The world leaders compared the agreement they sought with the settlement forged in the aftermath of the Second World War.

And yet while Boris Johnson described Covid-19 as “the biggest challenge to the global community since the 1940s”, too many of his supporters seem to have forgotten just how vulnerable each and every country was during Covid-19 and how we all rightly said: “Never again.”

During the height of the pandemic, don’t we recall how the United Kingdom, as a sovereign state, promoted public-private collaboration to develop the life-saving vaccines to protect against Covid-19? Did we not say that if we had vaccinated the poorest parts of the world more quickly, we might have avoided later phases of the pandemic?

It is only by forgetting the damage that inadequate international collaboration inflicted that we can now contemplate turning inwards. 

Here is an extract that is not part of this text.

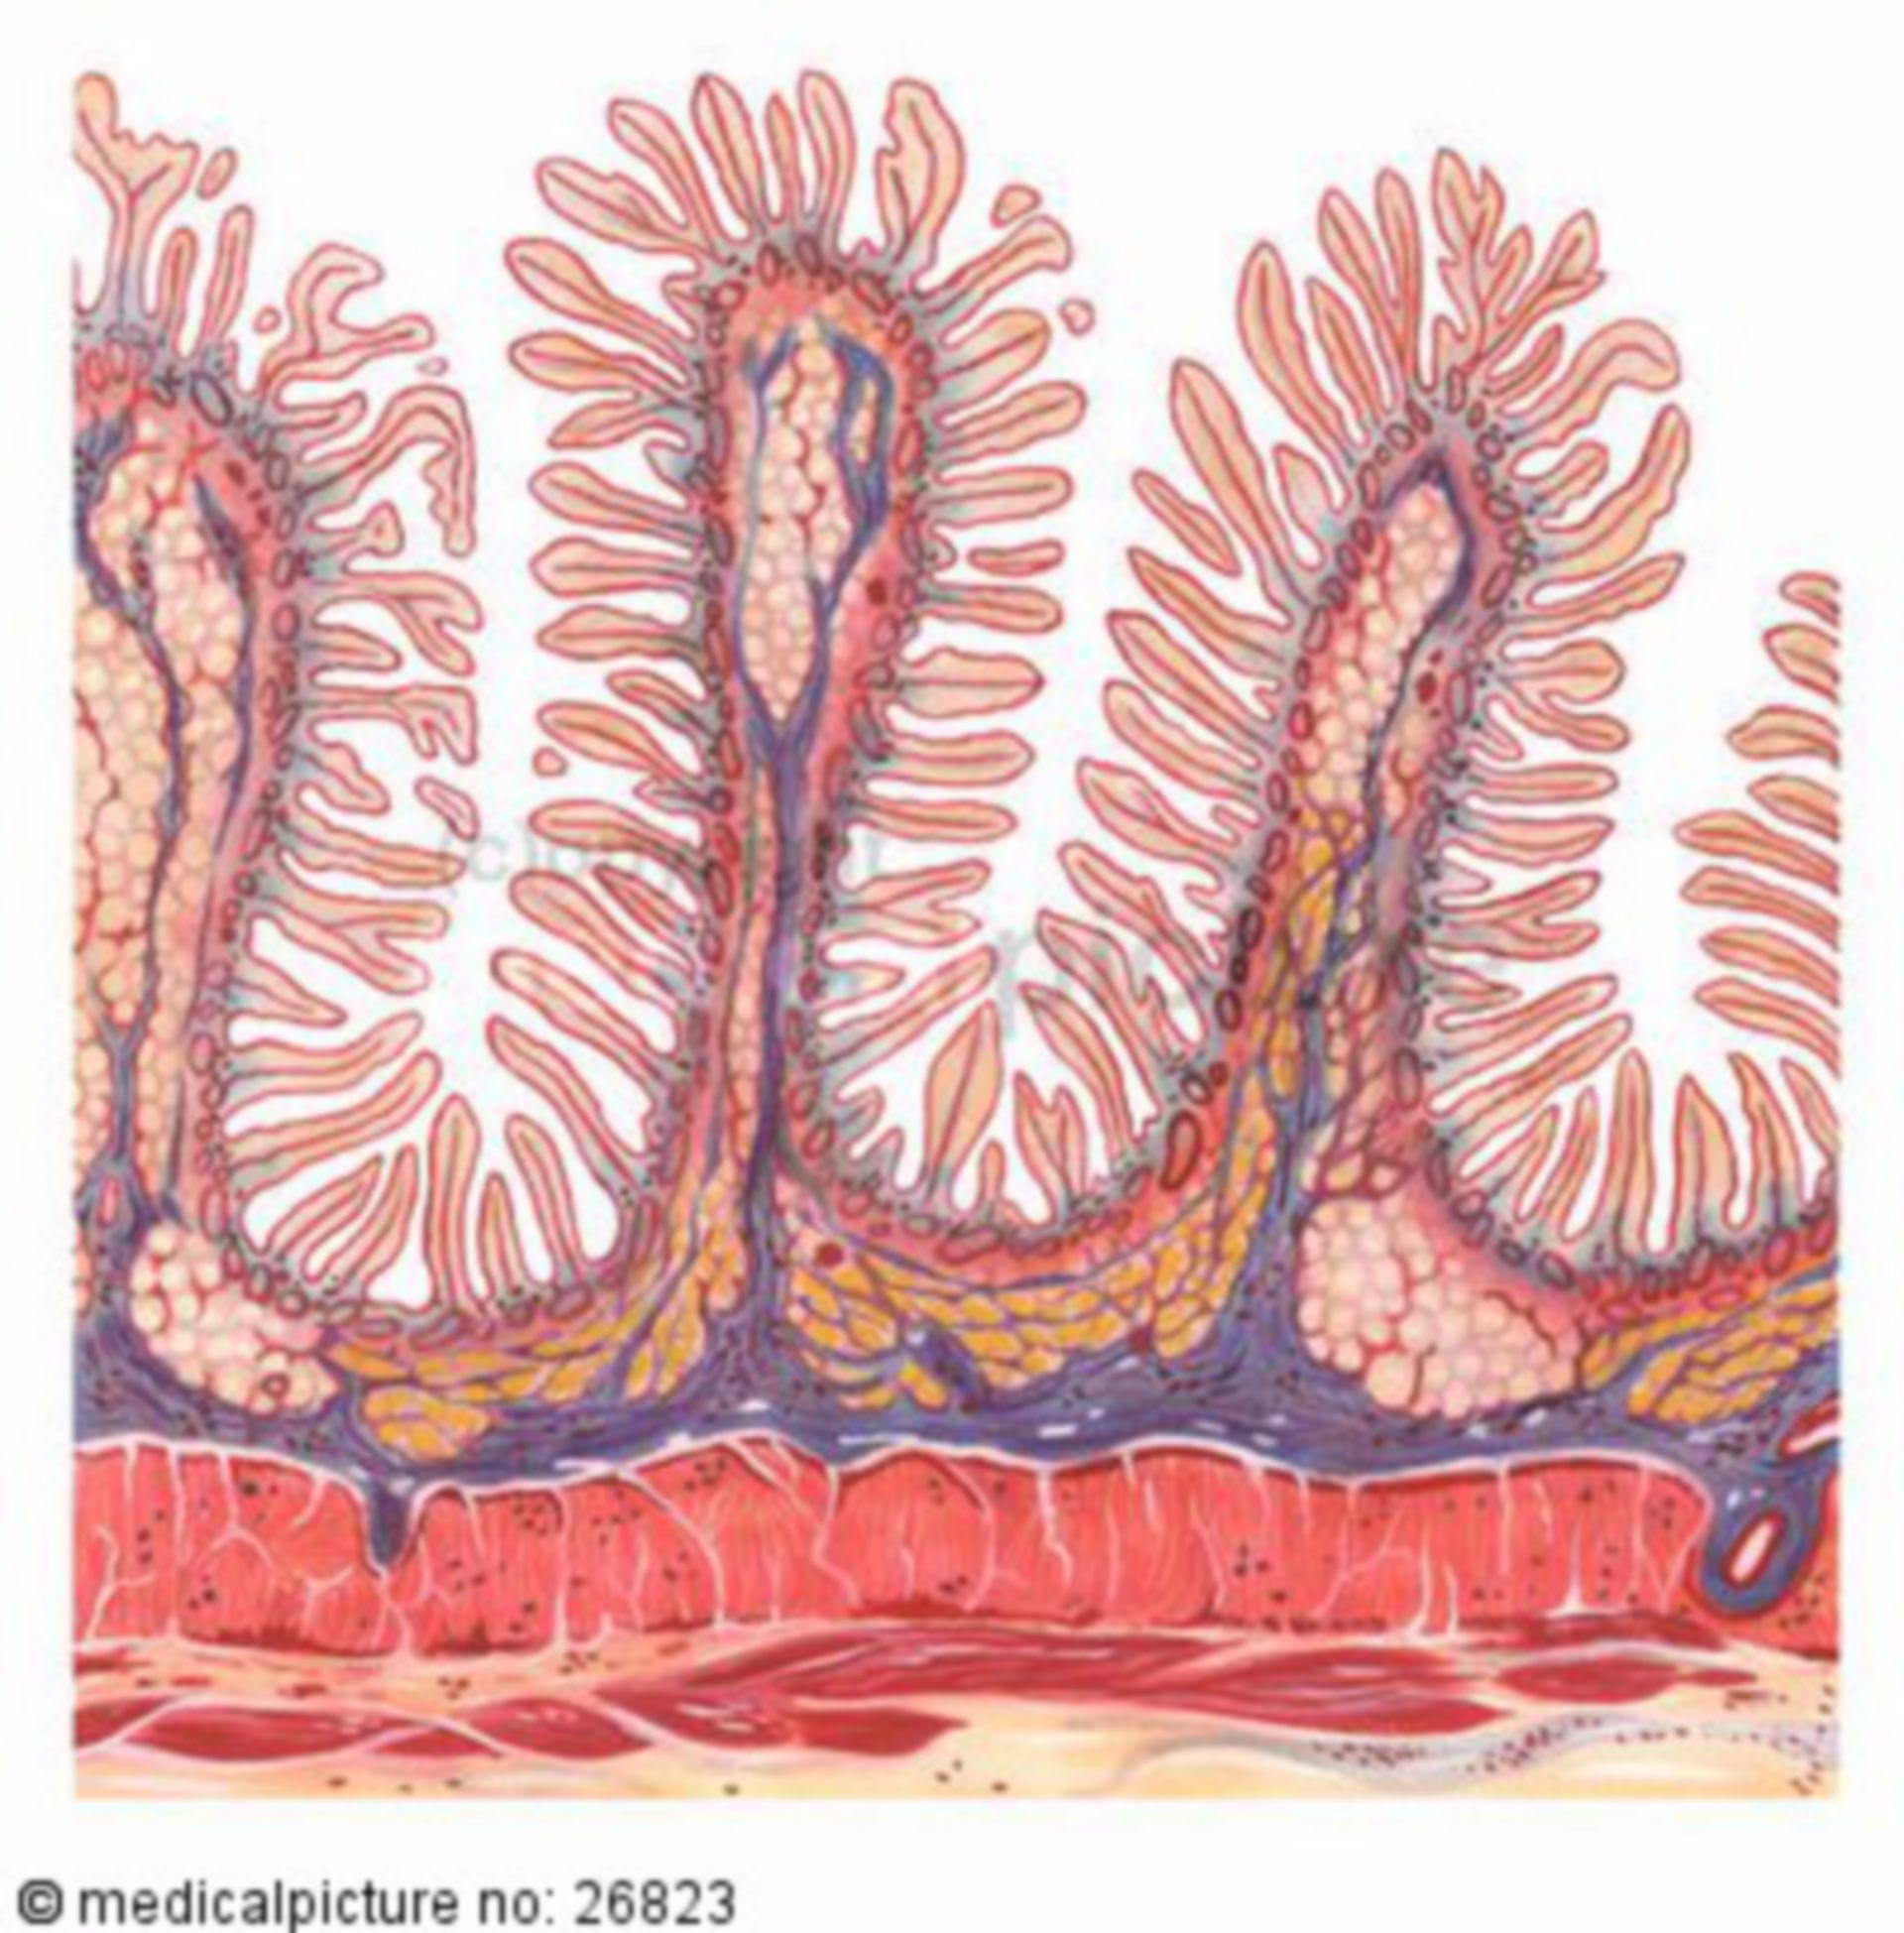 villi small intestine

Countries sure in their standing in the world demonstrate their sovereignty through co-operation, not isolation, and work with global partners where there is common interest and shared benefit. In the 1960s, President Kennedy delivered the first global nuclear test ban treaty. In the 1980s, Gorbachev and Reagan secured the biggest ever global reduction in nuclear arms. In 2009, the world came together to prevent a global recession from becoming a global depression. Global solutions to global problems. 

The world doesn’t know when the next pandemic will threaten us, but by having the courage to act now we will protect future generations. We would be remiss if we forget the definitive lesson of the past few years: when a pandemic threatens, no one is safe anywhere until everyone is safe everywhere.